𝔚𝔬𝔫𝔡𝔢𝔯 𝔴𝔥𝔶 𝔊𝔬𝔡 𝔩𝔢𝔱 𝔱𝔥𝔢 𝔳𝔦𝔬𝔩𝔢𝔫𝔠𝔢 𝔢𝔵𝔦𝔰𝔱?


People always complaining about my name, as if I had a choice. I guess you could blame that to my literally dead mom that I fucking love so much. I really needed people to stop staring at me like I was about to burst laughing my ass off when I told you my name. Plus, it wasn't that funny.

Tequila Mendoza.

Now, tell me. Did you laugh?

Pfft, obviously not. Our generation diminished the value of their sense of humor. No wonder why the world turned into a such boring place. They made fun and jokes about people's insecurity -not that my name was concerned to be an insecurity but still there were people out there who was suffering because they had to face such a circumstance. 

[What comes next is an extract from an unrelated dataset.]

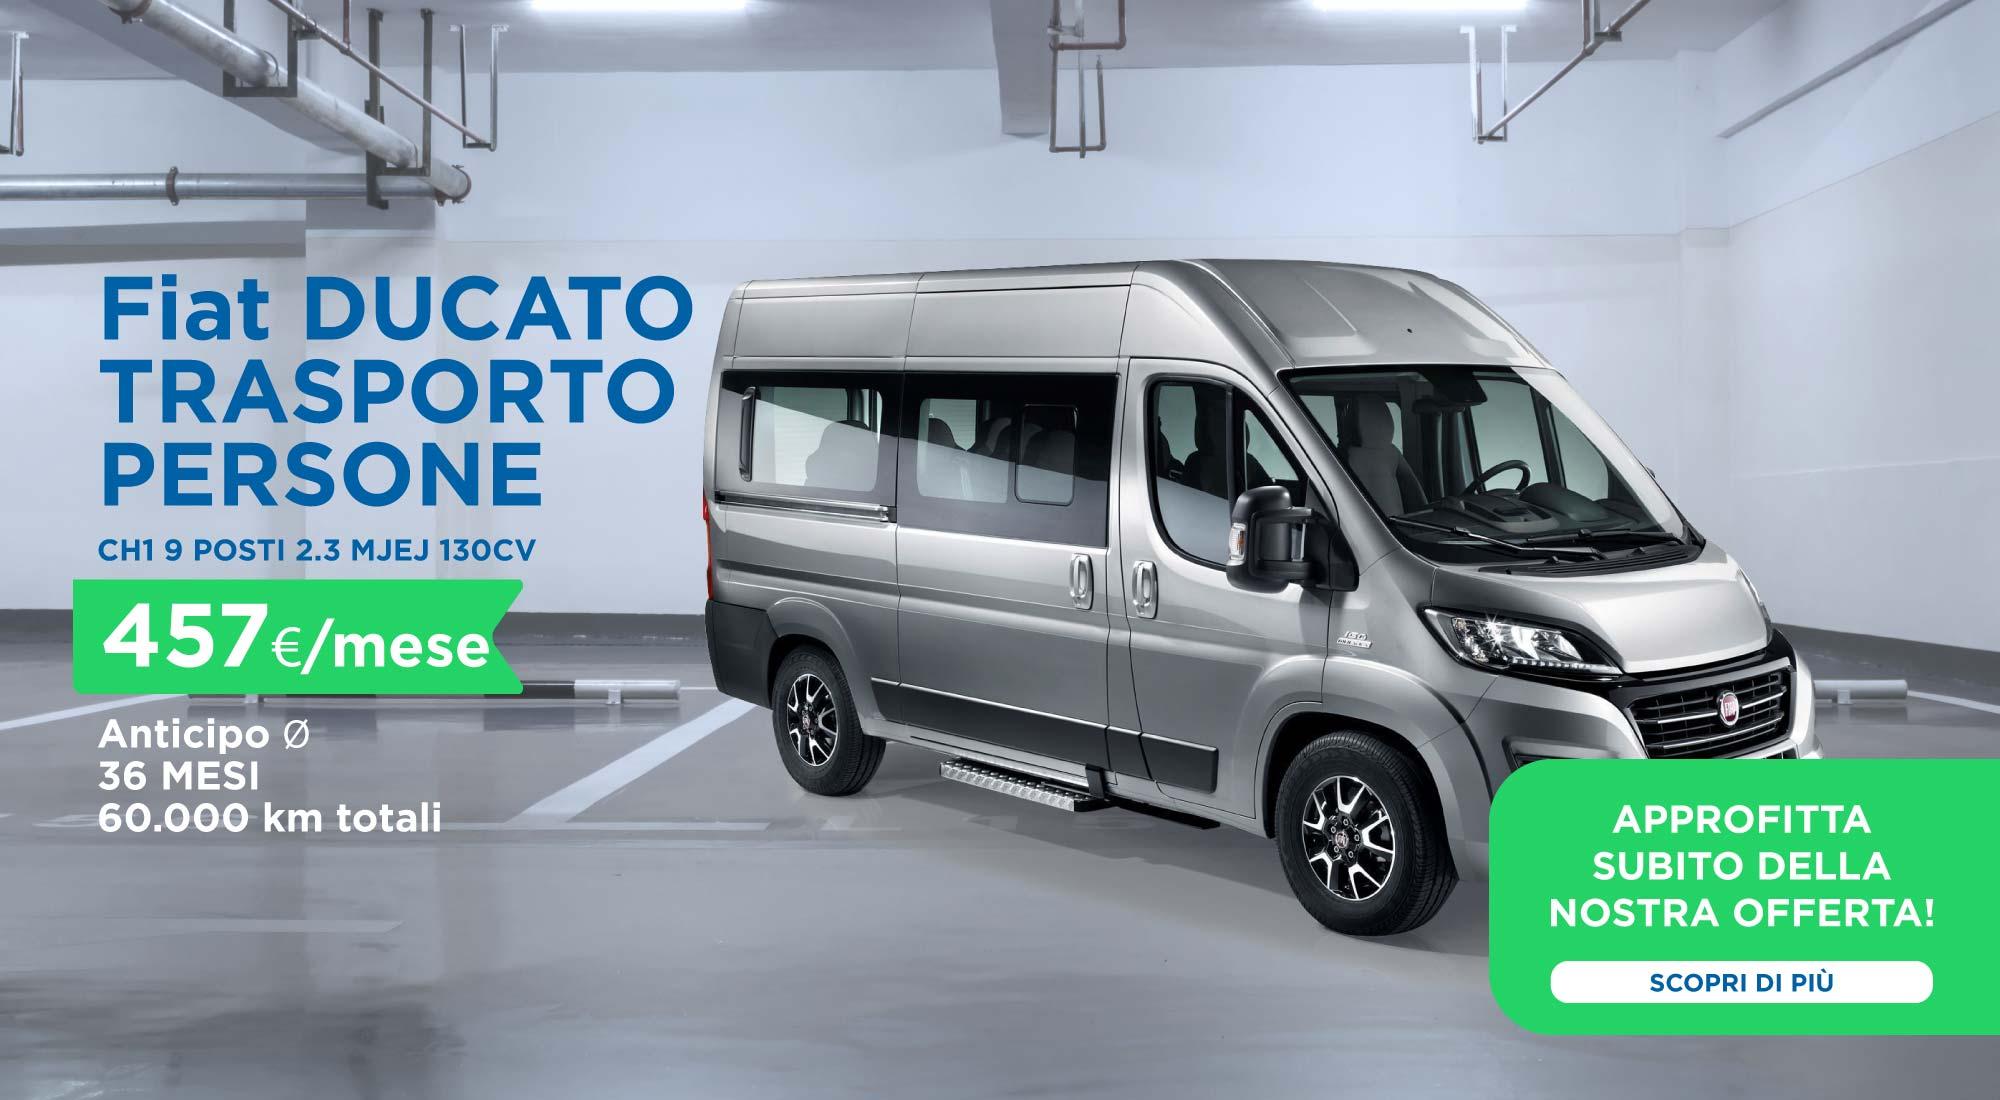 club-rent-fiat-ducato_trasporto-persone_promo

So, Tequila Mendoza was my born name and I carried these name through orphanage and orphanage. Imagine how cool you were as a kid to have such an illegal name, well until you were a teen and stupid teenagers with their horrible jokes about bad parenting as if they knew such a thing when they got scared just hearing a month skip of period. 

Anyway, I won't cry and told about how pathetic my life already was, but I hereby to exhibit a story altered of who I was now which pretty long and detailed even though I despised the idea of exposing myself, where I found it was cringe-y and unnecessary.

It started when I was placed on my eighth orphanage when I was fifteen. You people must be fucking confused of why I was being transferred to different places. Well, easy say, I was being uncontrollably problematic child which they had enough of me. But I couldn't just take full responsibility of it. Orphan kids were the worst, honestly. What society saw was only the painted masks of virtuous, so their future would changed.

They were the worst, but so was I. I stated the fact not because I accused them out of nothing, but it was the truth. It was because I had seen them with my own eyes, experienced with my body, and I was absolute impressed by words. Words was something couldn't be seen and touch, and yet they had the ability to hurt people. Explain to me how.

Since it was my eight orphanage and I survived a few family which mostly of them were bad influence, I wasn't complaining but I was a kid who was born fatherless and an alcoholic mother who died when I was four, so all a kid needed was a good fortune, not more than.

Due to the experiences I received from the bad influence family, I knew how to survive. Or so I thought. As you could see, I was fifteen as I mentioned, and I thought I was a fucking adult already when life was way far than I thought, at the moment.

Being a gullible kid I was, I thought I knew life already. I held on that perception when I arrived on my recent orphanage. God, I mentioned too many times orphanages. Anyway, it was a Catholic orphanage and the rules were tight compared to others. And hey, I thought, so, kids here were going to behave and more educated since it was religious place.

No! No, they weren't. They were far worst. 

The first day I already got bleeding nose and purple eyes, oh, and concussion. They were teaming up to beat me till I bleed. They told me, it was their culture of welcoming new people for good luck. Good luck my ass.

What worst was, the nuns who responsible to take care of us were blinded and blamed me, who just came and told me to throw all the horrible attitudes from the previous family as I transformed into a new person since I was in a new fucking place.